Парнишка подхватил корзину, закинул за плечи пустой мешок и направился к выходу. Через полминуты он стоял на невысокой земляной насыпи, засыпанной сверху шлаком. Она, очевидно, и изображала перрон вокзала станции Угольная.

Поезд тронулся, проводник вскочил на подножку вагона и помахал Борису рукой. Вот и ещё один хороший человек промелькнул на его пути. Скрылся из глаз последний «китайский» вагон, на задней площадке которого стоял кондуктор с развёрнутым красным флажком. Исчезла последняя ниточка, связывавшая Борю с далекой Россией, он остался один.

Здание станции – невысокое деревянное строение, окрашенное в серо-голубой цвет. Наличники окон и конёк были украшены резными узорами. Сразу за станцией виднелось какое-то большое не то озеро, не то болото, от которого и шёл тот незнакомый Борису запах, заглушающий привычные запахи железной дороги.

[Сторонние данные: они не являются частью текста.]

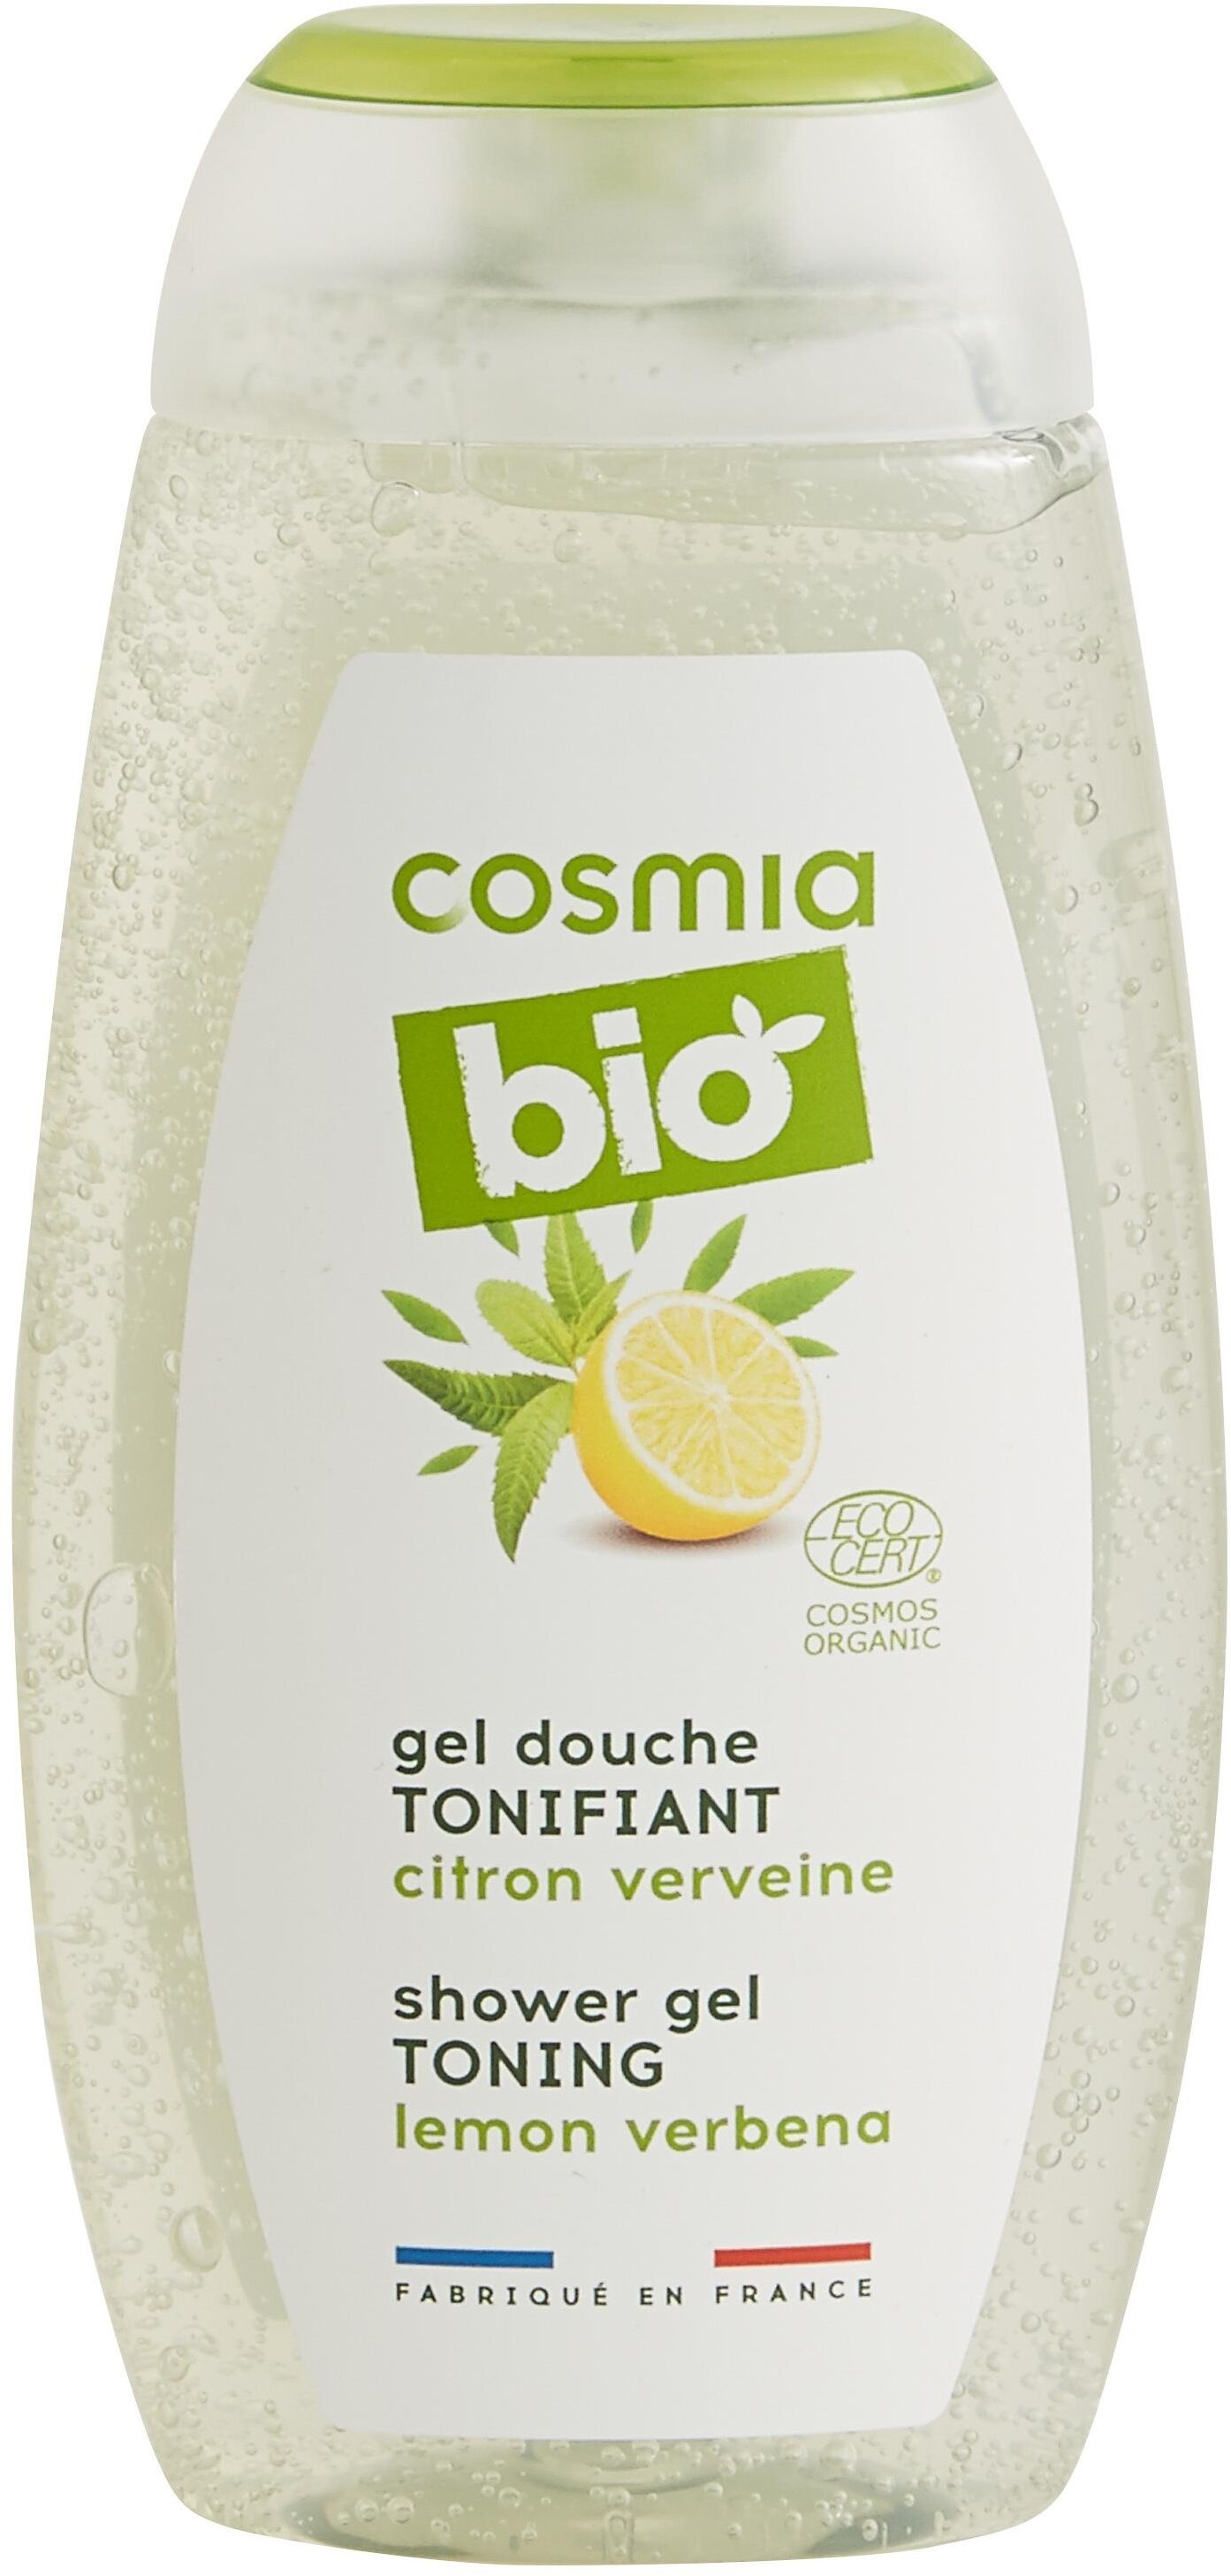 Cosmia bio gel douche tonifiant citron verveine - מוצר - fr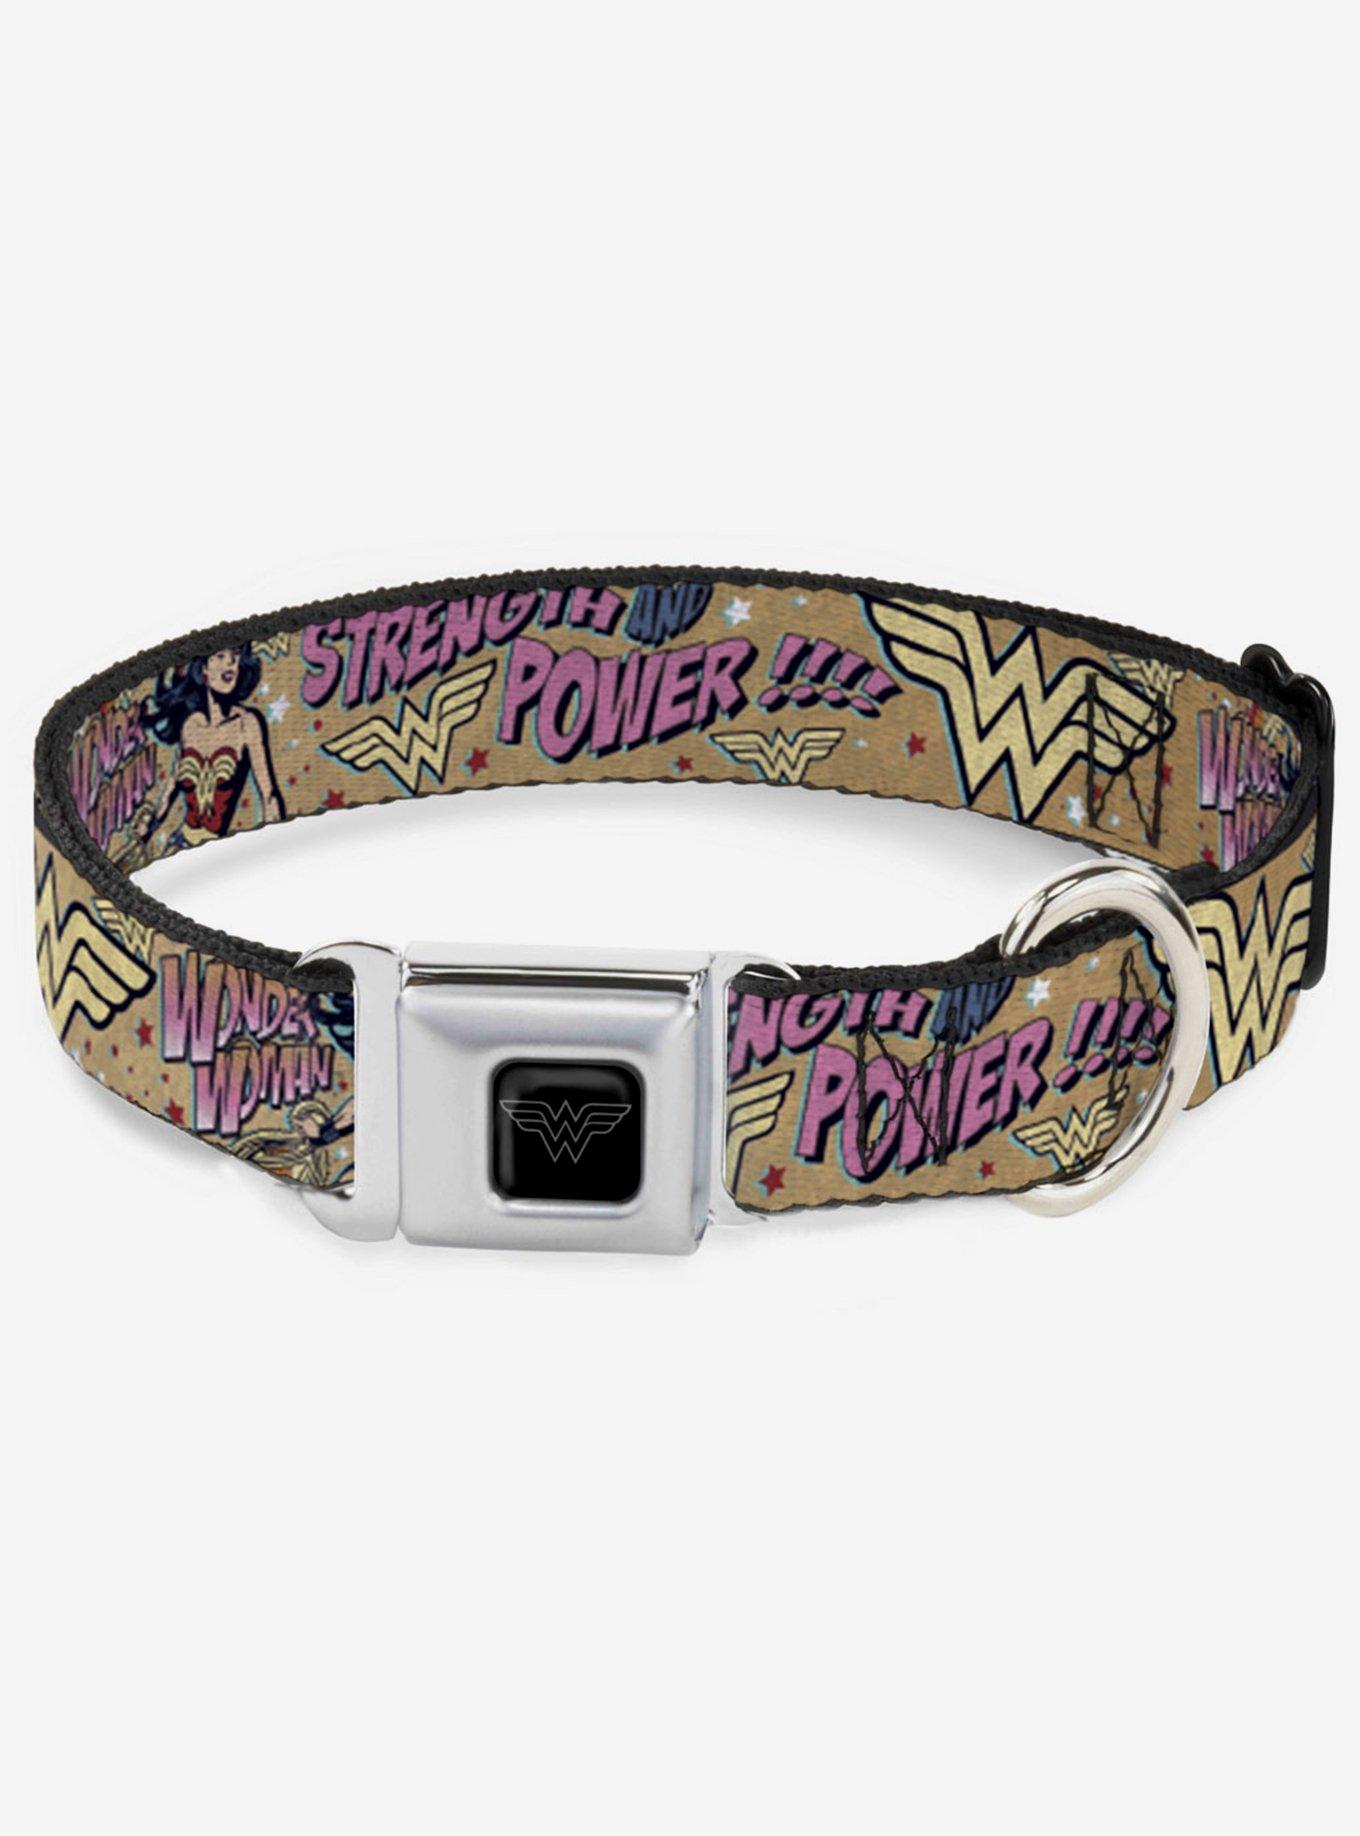 DC Comics Justice League Wonder Woman Strength Power Seatbelt Buckle Dog Collar, MULTICOLOR, hi-res

Вглядевшись пристальнее, Борис заметил, что дальше от берега вода становится какой-то серой, покрытой рябью, а справа низкий берег вдали переходил в невысокие зеленоватые холмы. Слева берега не было видно, и лишь совсем налево уходили куда-то в сторону железнодорожные рельсы. Несколько минут мальчик размышлял над тем, что это за болото, и лишь увидев кружащихся над ним чаек, сообразил, что это морской залив. До этого он никогда не видел моря и представлял себе его совсем не таким, как оно выглядело возле станции Угольной.

«Вот так море – уже Волги», – подумал он. Зная о море лишь из романов Жюля Верна, Стивенсона, он помнил иллюстрации этих книг и полагал, что море всегда должно быть покрыто огромными волнами, с шумом и грохотом разбивающимися о берег с пеной и брызгами, откатывающимися назад. А тут лужа какая-то!

И вот только запах… Он не смог бы описать его, но запах был какой-то совсем особенный, ни на что не похожий: не резкий, но достаточно сильный и почему-то ему понравившийся. Позже он узнал, что так пахнет морская капуста и другие водоросли, в изобилии выбрасываемые волнами Амурского залива на пологий берег возле станции Угольной, которой оканчивалась одна из самых дальних и мелких бухт этого залива.

Оглядевшись по сторонам, Борис увидел, что Угольная мало чем отличается от других станций, через которые он проезжал. То же обилие путей, также много товарных вагонов, стоявших на некоторых из них, только, пожалуй, больше полувагонов, заполненных каменным углём, из чего можно было заключить, что где-то неподалеку находится угольный рудник.

Людей мало. Кое-где проходили или были заняты какой-нибудь работой железнодорожники. На двух лавочках, находившихся возле станции, сидело несколько человек, очевидно, ожидавших поезда. В небольшом ларьке сбоку от вокзала собралась кучка торговок, что-то оживлённо обсуждавших. Увидев их, Борис с новой силой почувствовал голод. Немного поколебавшись, он решил: «Всё равно моих денег на билет не хватит, поеду зайцем, а поесть куплю».

Он направился к торговкам. Те, увидев приближавшегося покупателя, а последние здесь были не часты, быстро разошлись каждая к своему товару и принялись предлагать его мальчику. Узнав цены на то, что они предлагали, Борис пожалел, что не запасся продуктами на всю дорогу в Бочкарёво; здесь за всё просили в два, а то и в три раза дороже. На свои 15 копеек он смог купить только два пирожка с мясом и стакан молока. Еду он проглотил в мгновение ока и, кажется, не утолил, а лишь только ещё больше возбудил голод. Вздохнул и поплёлся со своей корзиной вдоль перрона. У встреченного им железнодорожника он узнал, что поезд на Кангауз будет через два часа.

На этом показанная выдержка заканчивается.